Column
三連休の最終日に、東京で開催された「相続川柳イベント」に参加してきました。
相続にまつわる川柳を今年の6月から8月の3か月間募集しもその応募作2,000作超のなかから優秀なものの表彰が行われたのです。
表彰された作品以外にも応募作の一部が冊子になって出席者に配布されましたが、内容を一読すると、おおきく二つの話題が圧倒的に多いことに否応なく気づかされました。
その一つは、相続があると家族間に亀裂が生じやすく、もめごとになりがちだという話題。
そしてもう一つは、相続等のことについて早い時期から話し合っておくべきであるのだけれど、なかなかそういう機会がないままに、タイミングを失ってしまうことが多いという話題です。
前者についていうと、核家族化、個人の権利意識の高まり等、言い古されたことではありますが、以前に比べ相続の話し合いがまとまりにくい状況がより強くなっている、ということは事実なんだろうと思います。
これもよく言われることですが、「遺産が少ないからもめない。」とか、「残された家族が少ないからもめない。」ということではないのではないかと考えられます。
事実、そのような状況でもめてしまった例は多数あります、
後者についてですが、人生における老については、避けて通れない問題であって、その先にあることを含め、考えていかなければならないことは、重々理解していても、その問題に向き合うことについては、本人からするとまだ大丈夫という気持ちがあり、周りも本人の気持ちを考えると切り出しにくい、ということであろうかと思います。
そこへ降ってわいたように病を得たり、あるいは認知症の発症が出てくるというようなことが起こると、もはや話すこともままならない、というようなことになりがちであると考えられます。
特に、認知症を患うと、現状では財産の処分等の行為を行うことは極めて困難であって、何らかの策を講ずることが好ましい場合であっても、その策を講ずることができなくなってしまうことが往々にしてあります。
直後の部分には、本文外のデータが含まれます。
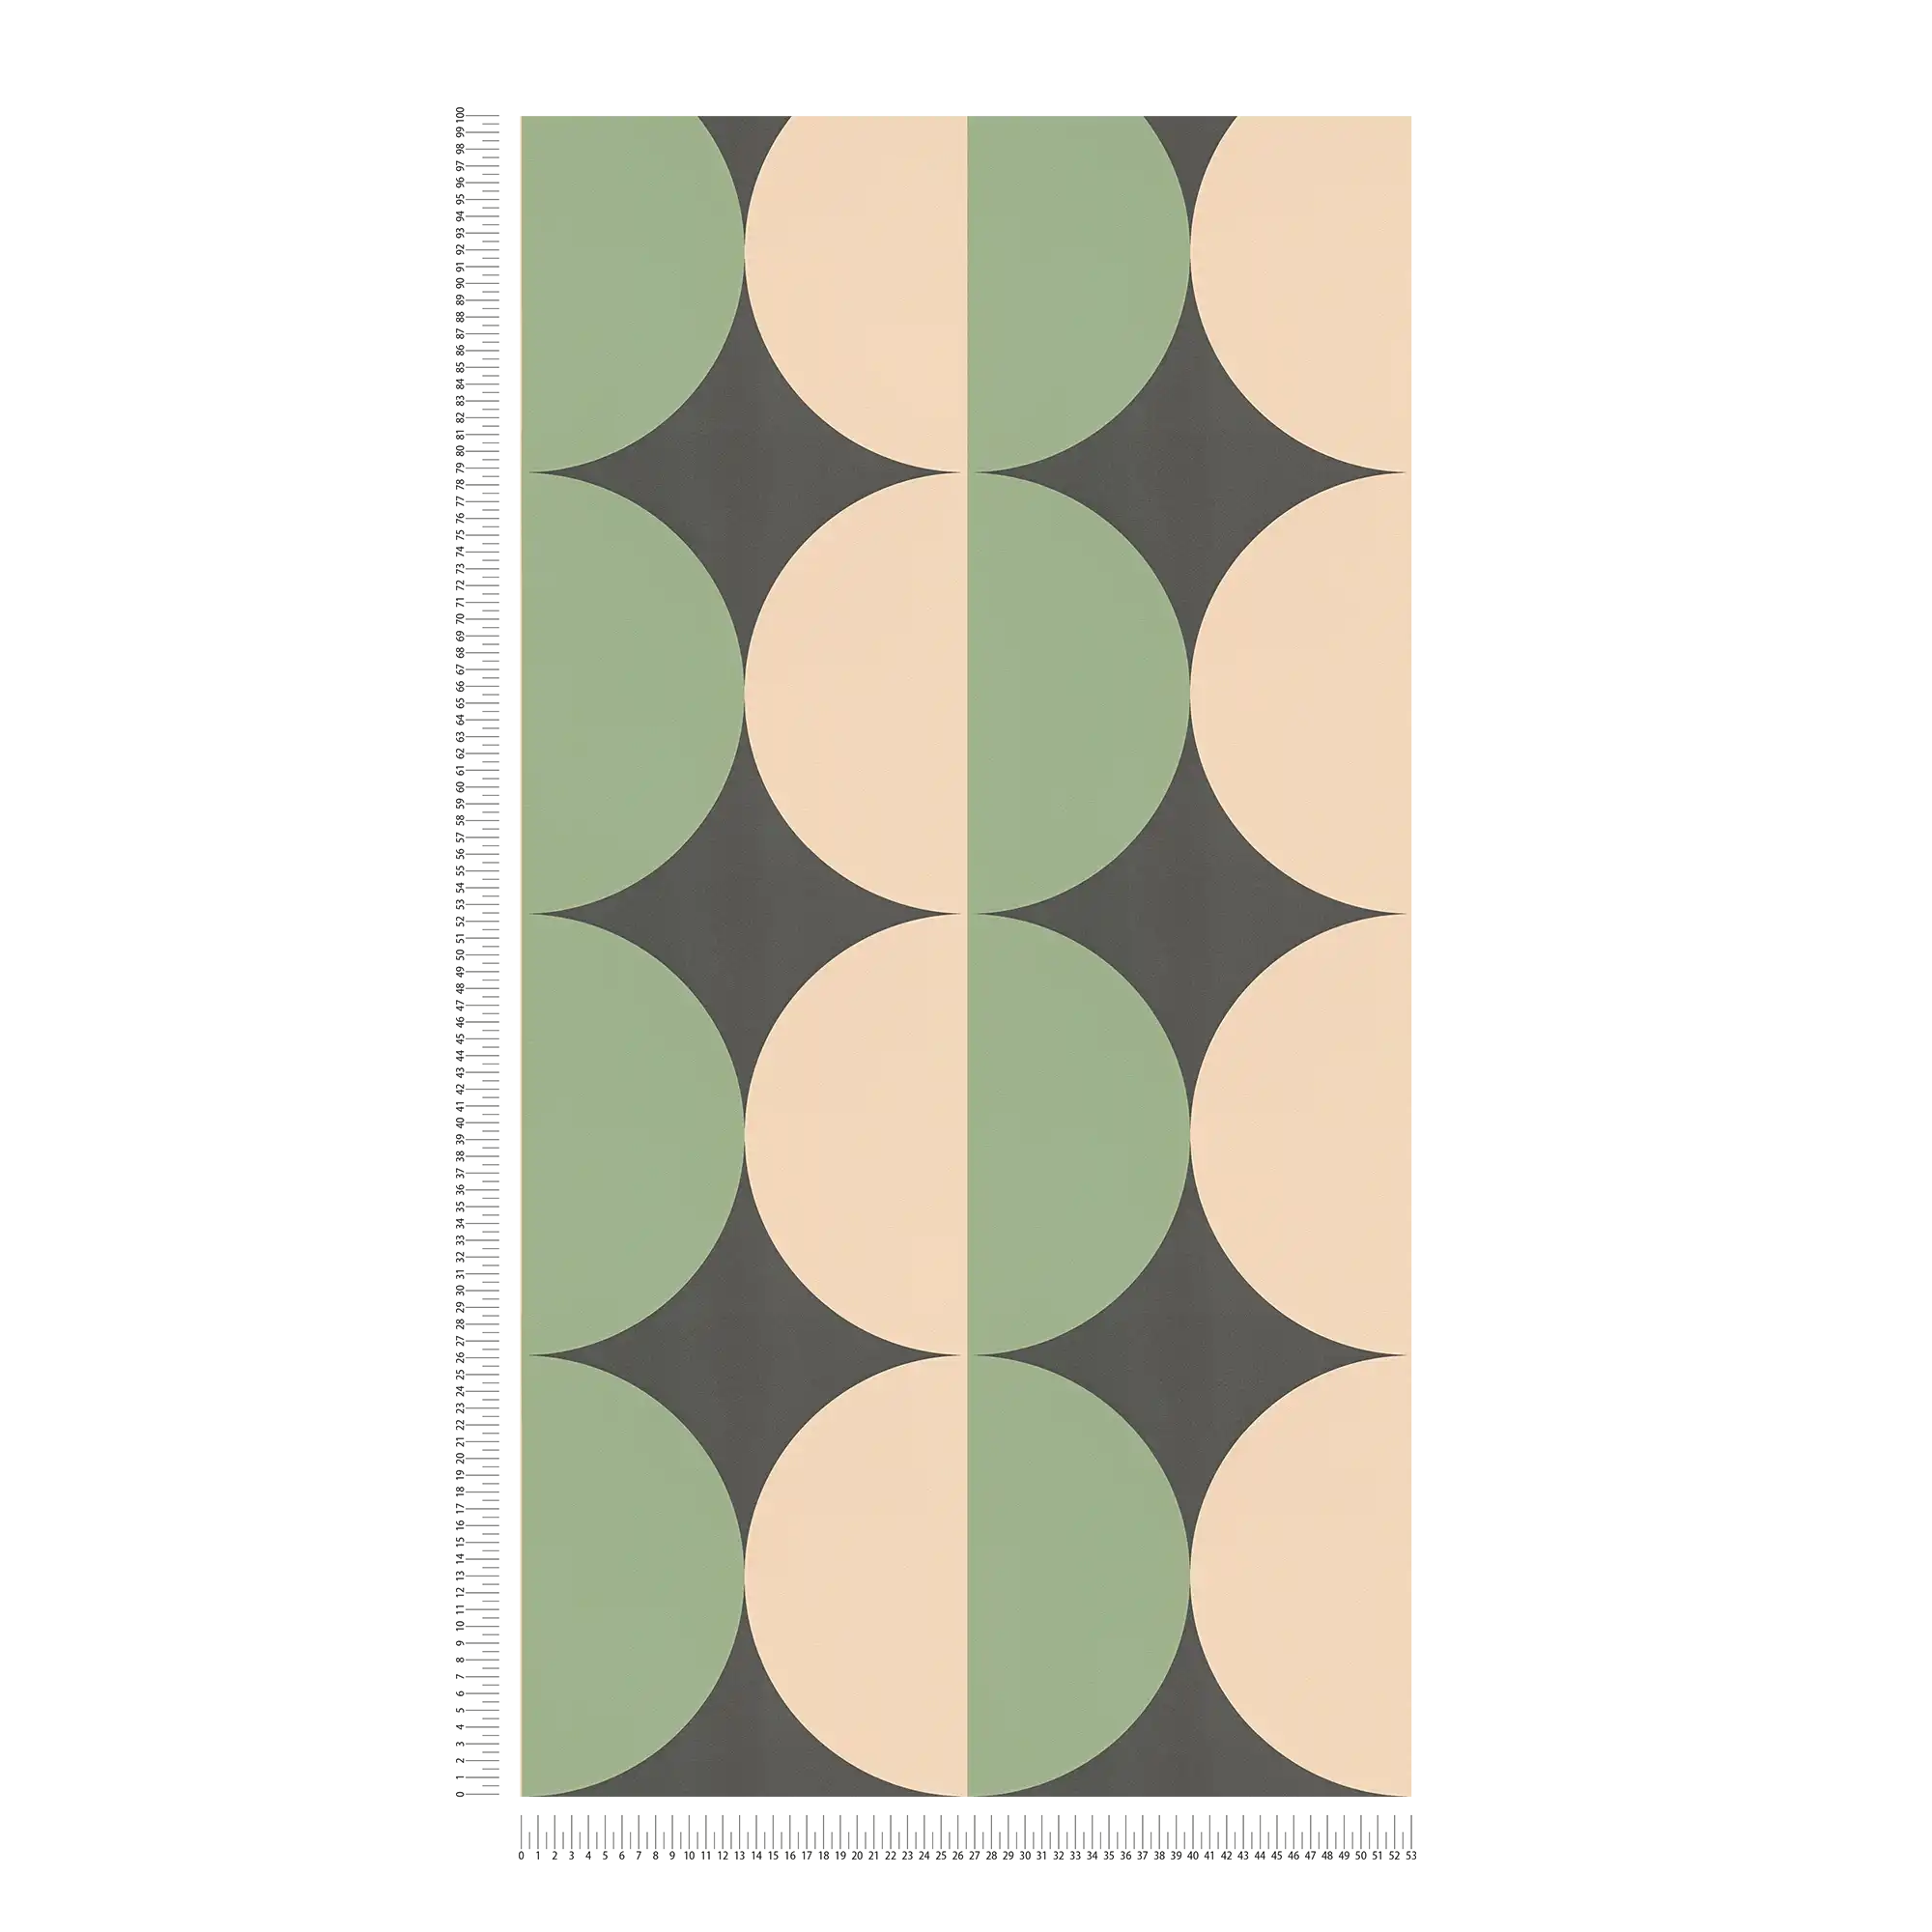             Papel pintado no tejido con motivos gráficos circulares retro - verde, beige, negro
        
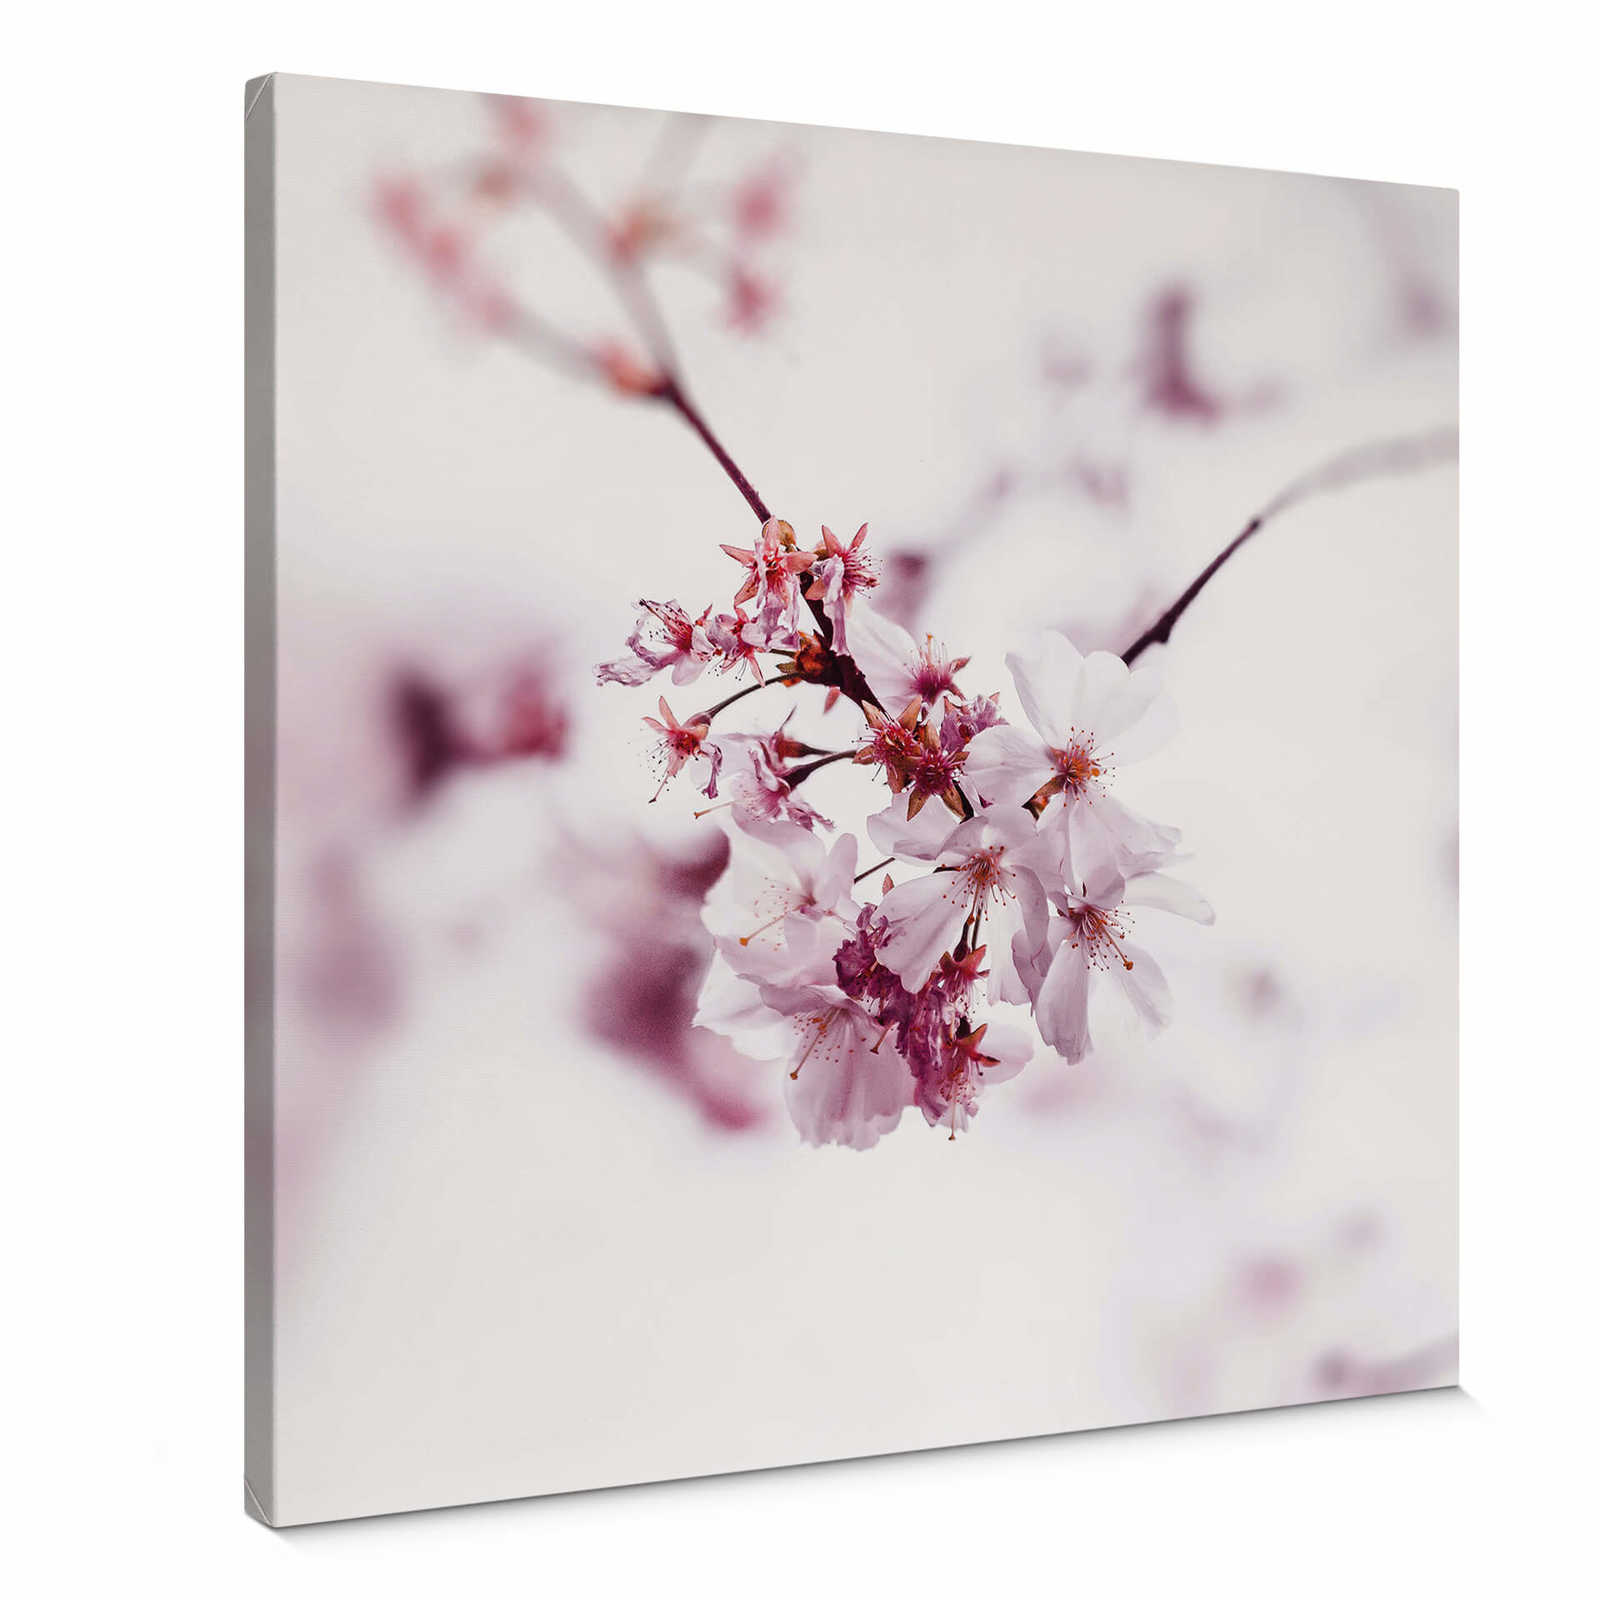         Kirschblüte auf quadratischem Leinwandbild – 0,50 m x 0,50 m

これらいずれの場合に合っても、本人の生前においては本人が健康で十分な判断力がある間に、また、本人の死後は親族間のもめごとに発展してしまう前に専門家を介在させて、その助言・サポートを得ながら、関係者で話し合うことが非常に重要であると再認識した次第です。
席上、この会を主催された方からは、家族信託をうまく活用することで、問題の発生を回避できる場合があることについての話題が出されました。
家族信託は、本人の老後の生活の安定や、残された遺族の生活のサポート、ひいては相続を円滑ならしめる制度として、今期待されている制度です。
期待の背景には、老後の生活のサポートとして期待されてきた成年後見制度の普及が十分ではないことがあろうかと思います。
そのことは、成年後見制度が老人の介護にかならずしも十分な効果を出し切れていない実態もかかわっているかと思います。
制度そのものには、それぞれ長所と短所があるので、ケースバイケースでより適切な制度を活用することが重要であると思います。
それにしても、実効を持たせるには、関係者の相互理解であろうかと思います。
そのことをサポートする専門家のかかわりが重要と感じた次第です。
いろいろ考えさせていただける いいイベントでした。